Why Routine Screening Isn’t Recommended
You might assume that testing everyone would be straightforward and helpful, but the CDC specifically recommends against herpes blood testing for people without symptoms in most situations. The reasoning comes down to test accuracy: when you screen large numbers of people who are unlikely to be infected, the proportion of false positives rises. A positive result in someone with no symptoms and no known exposure is more likely to be wrong than a positive result in someone with a suspicious sore.
This doesn’t mean you can’t request a test. It means that if you have no symptoms and no specific reason to suspect exposure, a blood test result (especially a low positive one) may create more confusion than clarity.
Confirming an Uncertain Result
If you get a positive blood test and the result seems questionable, a more specialized test called the Western blot can help settle the question. Developed at the University of Washington, this test separates herpes virus proteins on a strip and checks whether your blood contains antibodies that bind to them. It’s considered the gold standard for confirming or ruling out a herpes antibody result.
The Western blot isn’t available at most commercial labs. It’s run through the University of Washington’s clinical virology laboratory, and your provider needs to order it and send a blood sample there. It hasn’t gone through FDA clearance, but it’s widely regarded by specialists as the most accurate serological test available. If a standard blood test has given you an ambiguous or low-positive result, this is the test that can give you a definitive answer.
Testing Without Symptoms
One of the trickiest aspects of oral herpes is that the virus sheds intermittently even when no sore is visible. Research tracking people with HSV-1 found that participants shed the virus on about 12% of days at two months after their initial infection, dropping to 7% of days by eleven months. In most instances, they had no symptoms during shedding. For people who shed more frequently, rates continued falling over time, reaching just 1.3% of days by two years out.
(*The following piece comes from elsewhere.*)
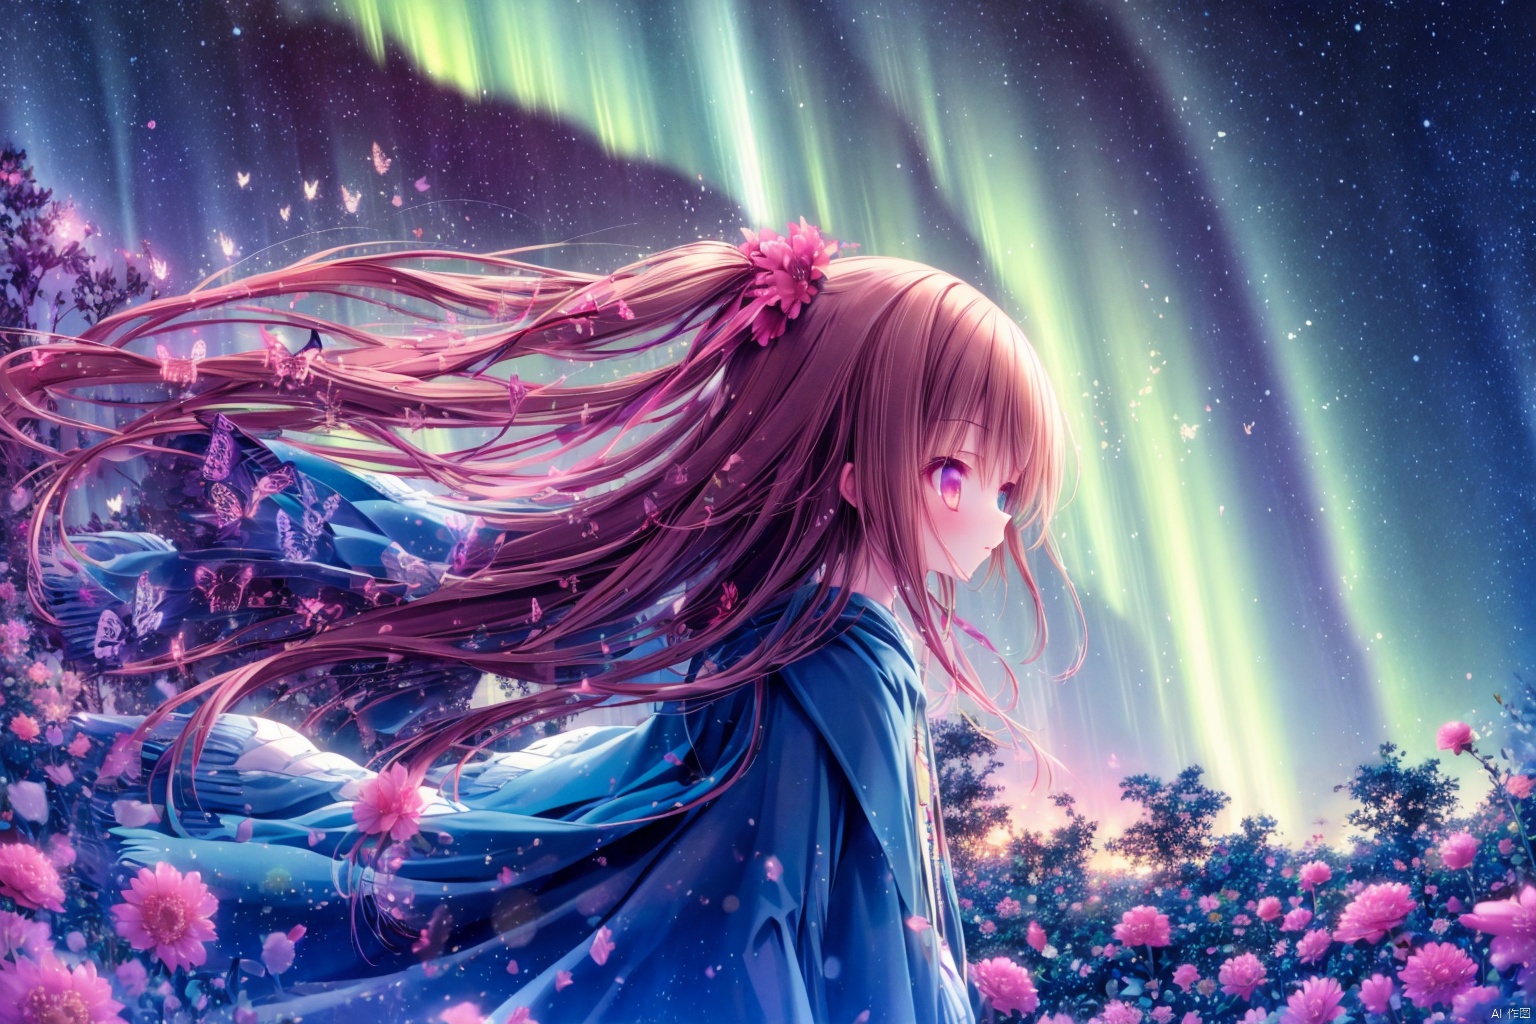  Silhouette, 1 girl, extra long hair, floating hair. Blossomed hair, with butterfly, cloak, in the garden, at night, light particles, fireflies, starry sky, colorful aurora 0.4, night, starry sky, silhouette, backlight, sunset, dazzling

This means that even without a visible sore, the virus can occasionally be present on the skin or mucous membranes. However, there’s no practical test designed to catch this intermittent shedding in a clinical setting. Daily swabbing to detect asymptomatic shedding is a research tool, not something used in routine care. For people without symptoms, the blood test remains the only realistic option, with all its limitations noted above.
Which Test to Ask For
Your situation determines which test makes sense:
- You have an active cold sore right now: Ask for a PCR swab test. This is the most accurate option available, and the sooner you’re swabbed after the sore appears, the better.
- You had a sore recently but it healed: A swab test won’t work on healed skin. A blood test for HSV IgG antibodies is your option, keeping in mind the window period after exposure.
- You’ve never had symptoms but want to know your status: A blood test can be done, but understand that the CDC doesn’t recommend it for most asymptomatic people due to the risk of misleading results. If you do test and get a low-positive result, the University of Washington Western blot can confirm it.
- You got a low-positive blood test result: Ask your provider about confirmatory testing with the Western blot before drawing conclusions.